Степная радуга (Повесть-быль) - Разумневич Владимир Лукьянович. Страница 2
И однажды услышал он за спиной спокойный, негромкий голос:
— Не отчаивайся, Кирька. Горе да беда с кем не была? Жизнь, скажу тебе, штука переменчивая…
Кирька вздрогнул от неожиданности. Не думал он, что кто-то может подслушать его тайный разговор. Обернулся смущенный и растерянный. Рядом стоял Архип Калягин, хромой сельский писарь, давний приятель Кирькин. Положил писарь ладонь ему на плечо, сказал рассудительно:
— Капля по капле камень долбит, маленькая бороздка с годами в целую пропасть обращается. И в жизни так. Скоро мы беду твою, что беса с кручи, в воду спихнем — и пузыри вверх! — И Архип весело глянул в овраг, словно и впрямь туда кого-то столкнули, добавил с твердой уверенностью: — Народ не будет жить как набежит! Он еще покажет свою силу!
— Твои бы речи, Архип Назарыч, да богу в уши, — вздохнул Кирька.
Но не прошло и полгода, как народная молва принесла в село весть: в далеком Питере случилась революция, власть взяли рабочие и крестьяне. Кирька, когда узнал об этом, стал считать большевика Калягина чуть ли не пророком, предвидящим все события наперед, безошибочно знающим, в какую сторону повернется колесо истории.
Архипа Назаровича вскорости вызвали в Горяиновку, и он не вернулся оттуда: стал главой революционного комитета всей волости. Кирька радовался, что у руля правления поставили мужика сердечного и умного, бескорыстно щедрого к людям.
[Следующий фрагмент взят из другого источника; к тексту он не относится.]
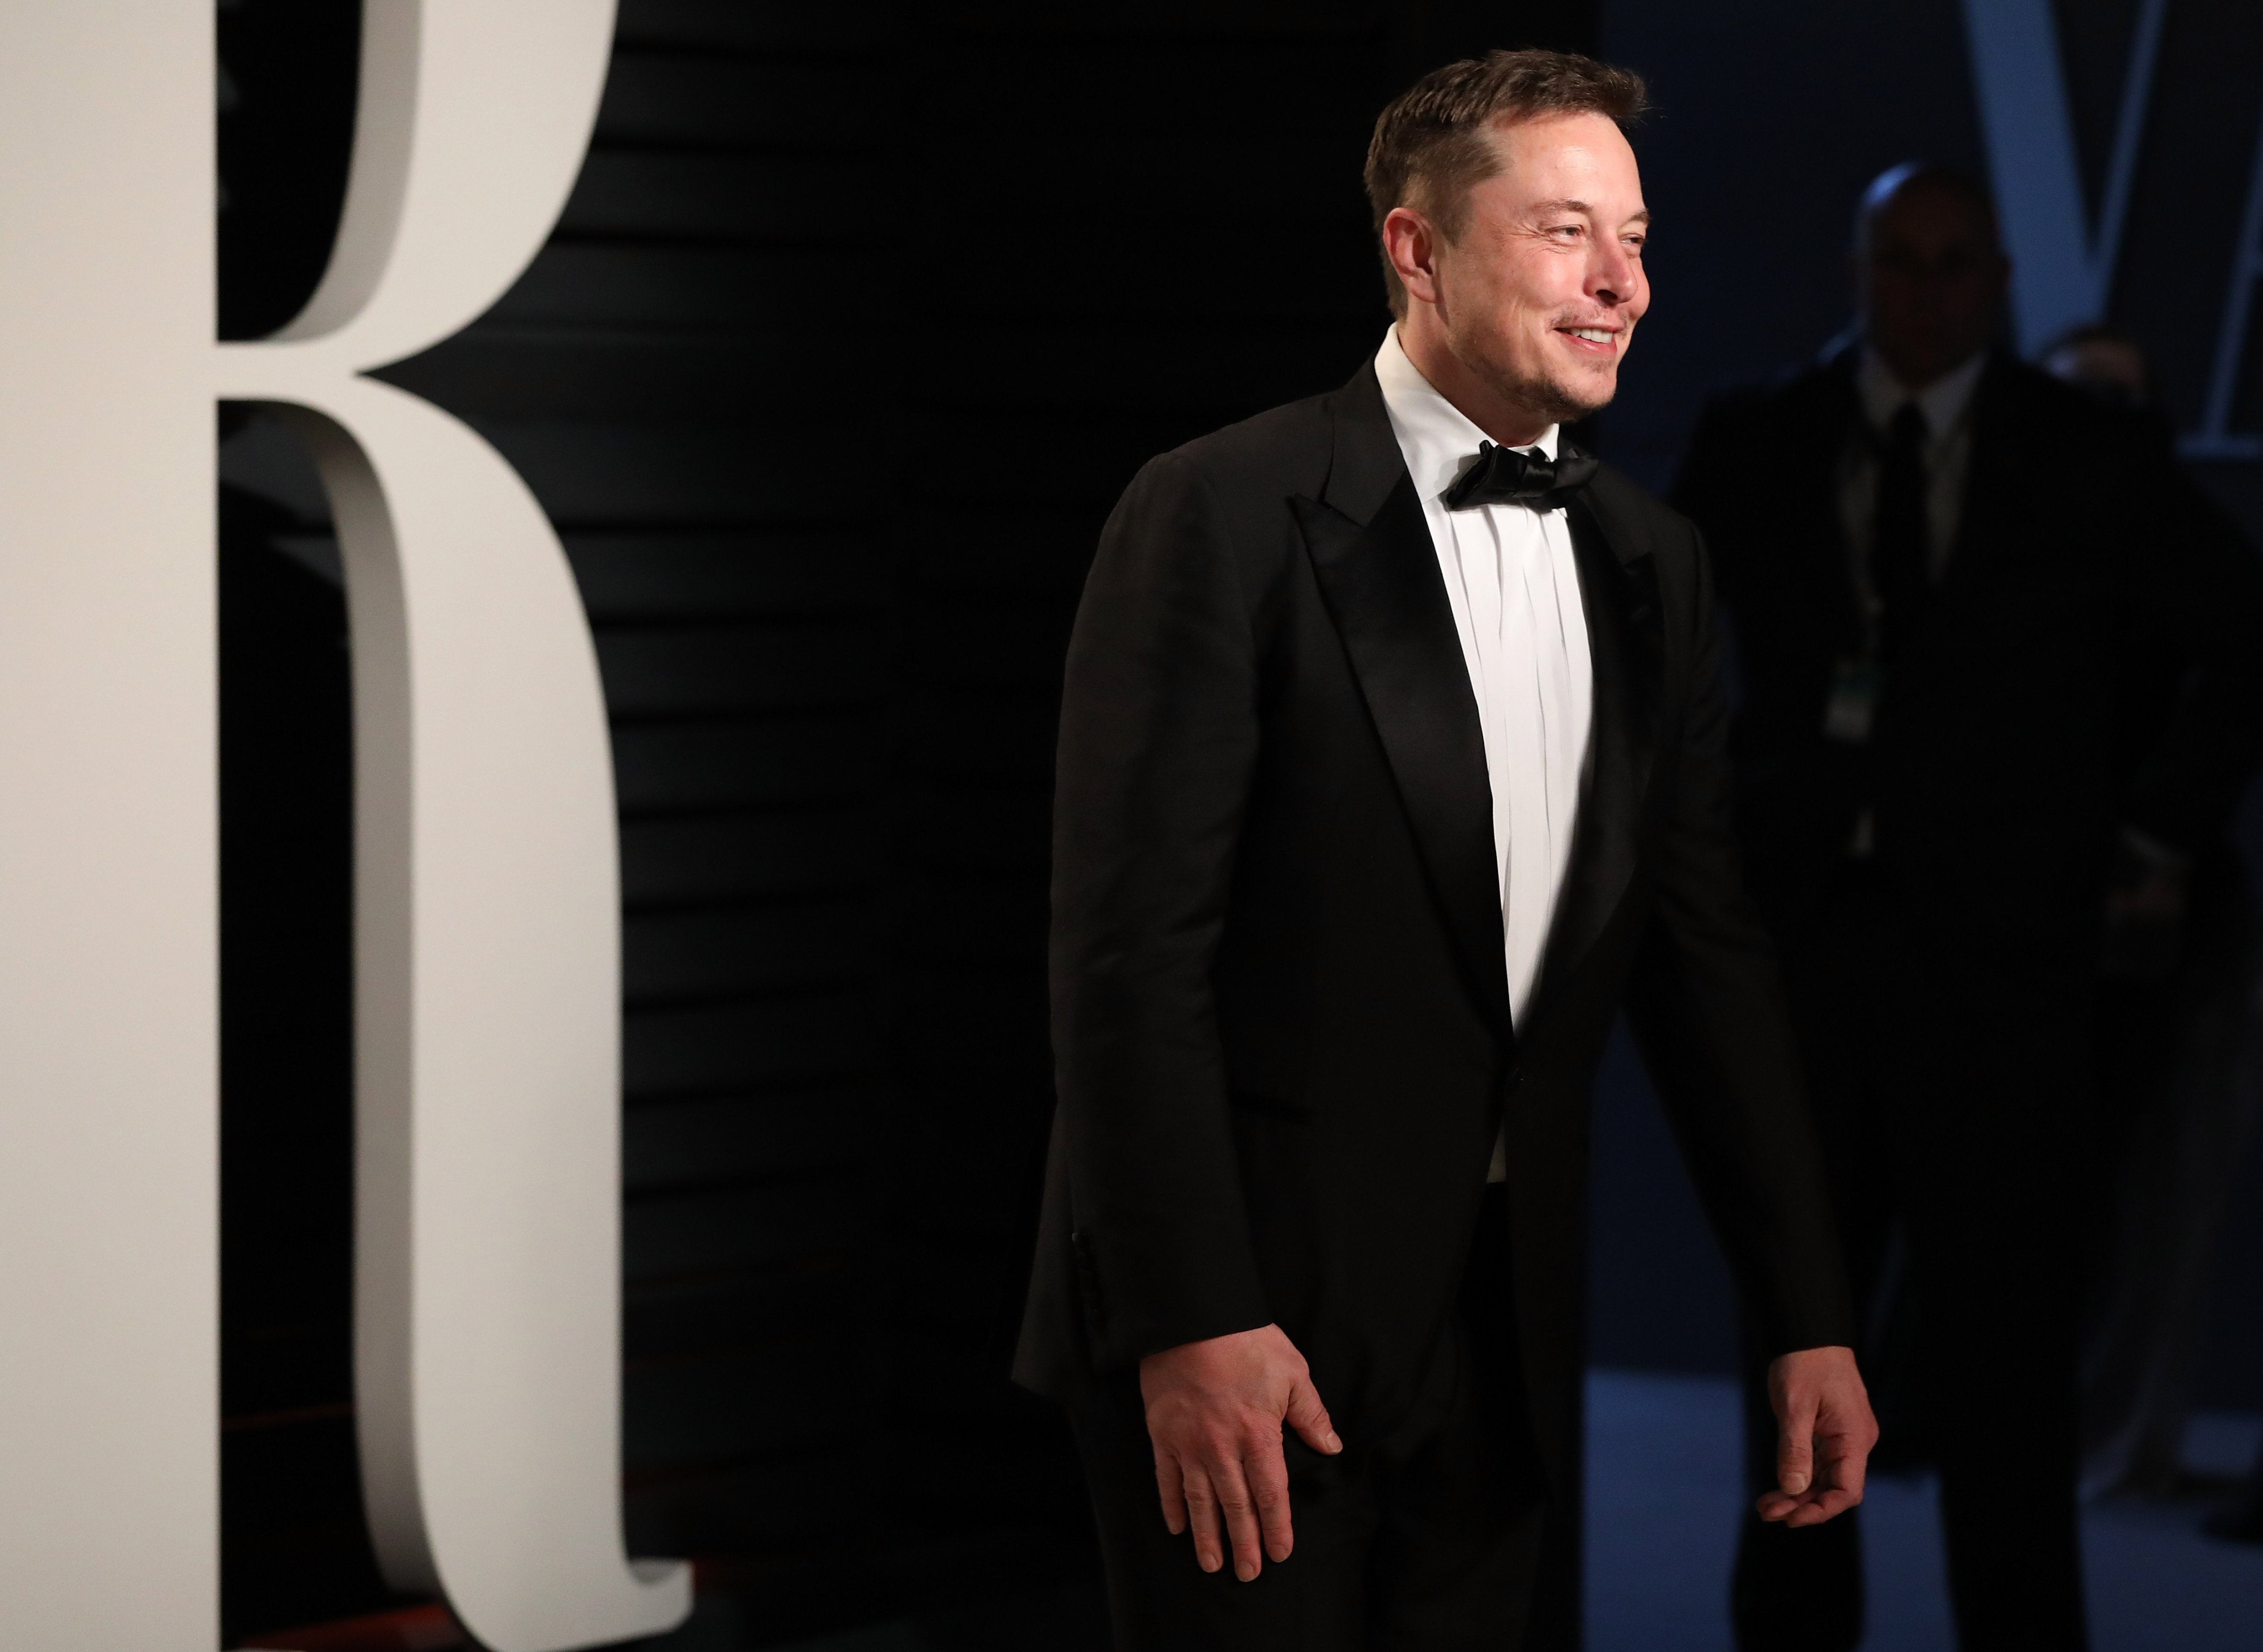 SpaceX CEO Elon Musk attends 2017 Vanity Fair Oscar Party Hosted By Graydon Carter  at Wallis Annenberg Center for the Performing Arts on February 26, 2017 in Beverly Hills, California. (Taylor Hill—Getty Images)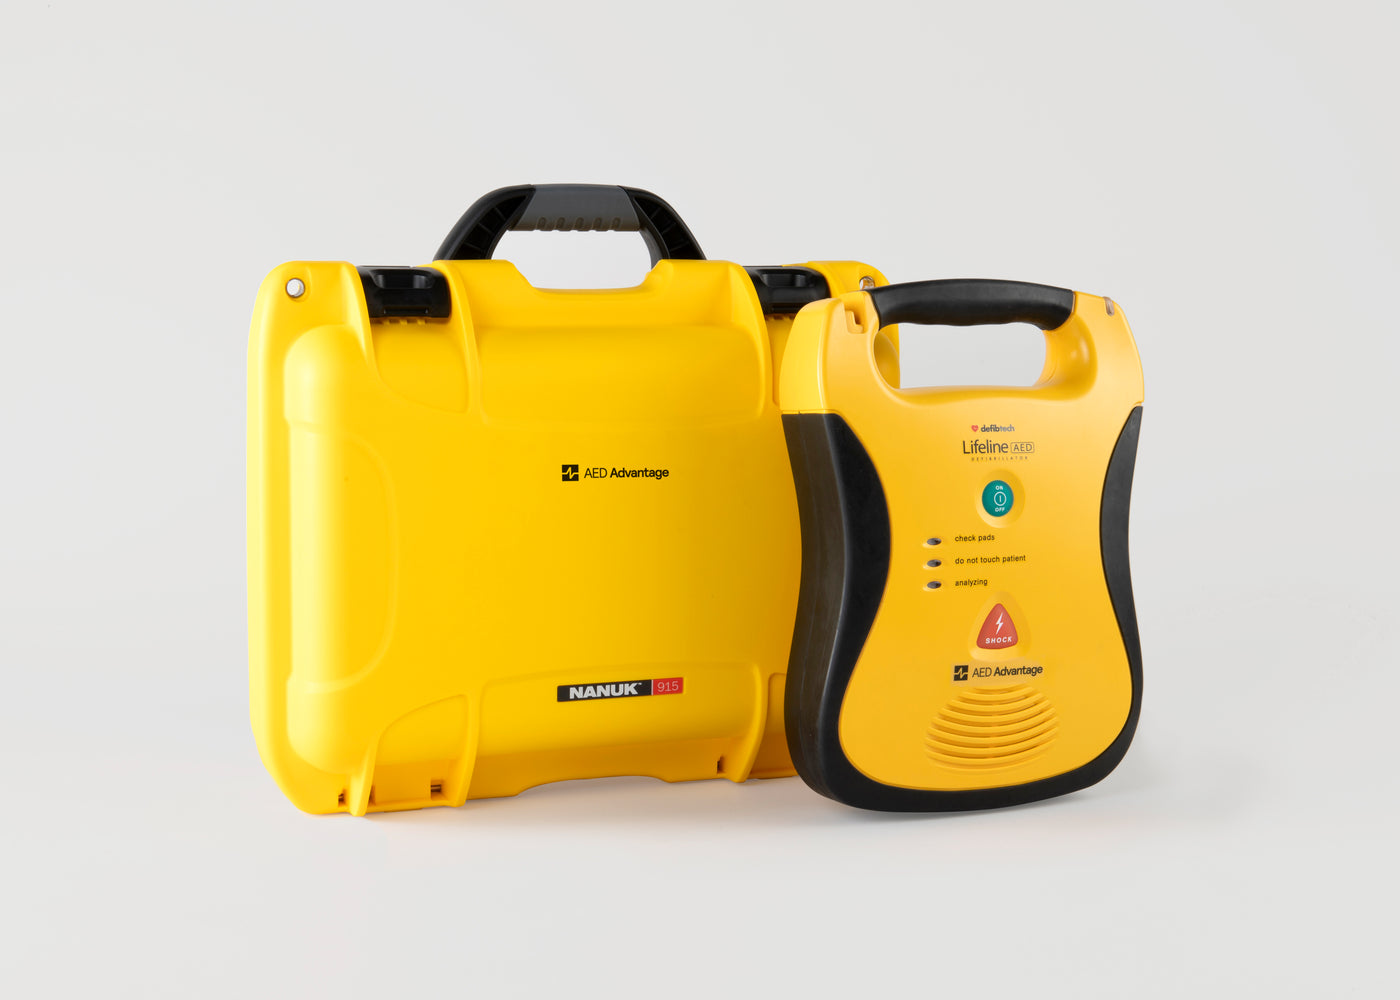 A yellow and black Defibtech Lifeline AED with a bright yellow hardshell carry case

Об одном сожалел пастух — ради высокой должности пришлось Архипу Назаровичу оставить родное село. Нет бы волостной центр сюда, в Большой Красный Яр, перенести, раз подходящего начальника в Горяиновке не смогли подыскать. Тогда бы и нужды не было хромому писарю трогаться с насиженного места, бросать и родной дом, и родню свою. Да и в Яру, глядишь, жизнь веселее бы пошла, забурлила бы по-новому, по-революционному. А то течет она, жизнь-то, как текла, ни шатко ни валко, словно никакого потрясения в мире не произошло. Калягин по чужим селам денно и нощно мыкается, а до родного, видно, руки не доходят. Понять его можно — деревень в волости много, повсюду нужно жизнь по-новому налаживать. Скорей бы черед до Красного Яра дошел. А то Кирьке и посоветоваться, потолковать не с кем.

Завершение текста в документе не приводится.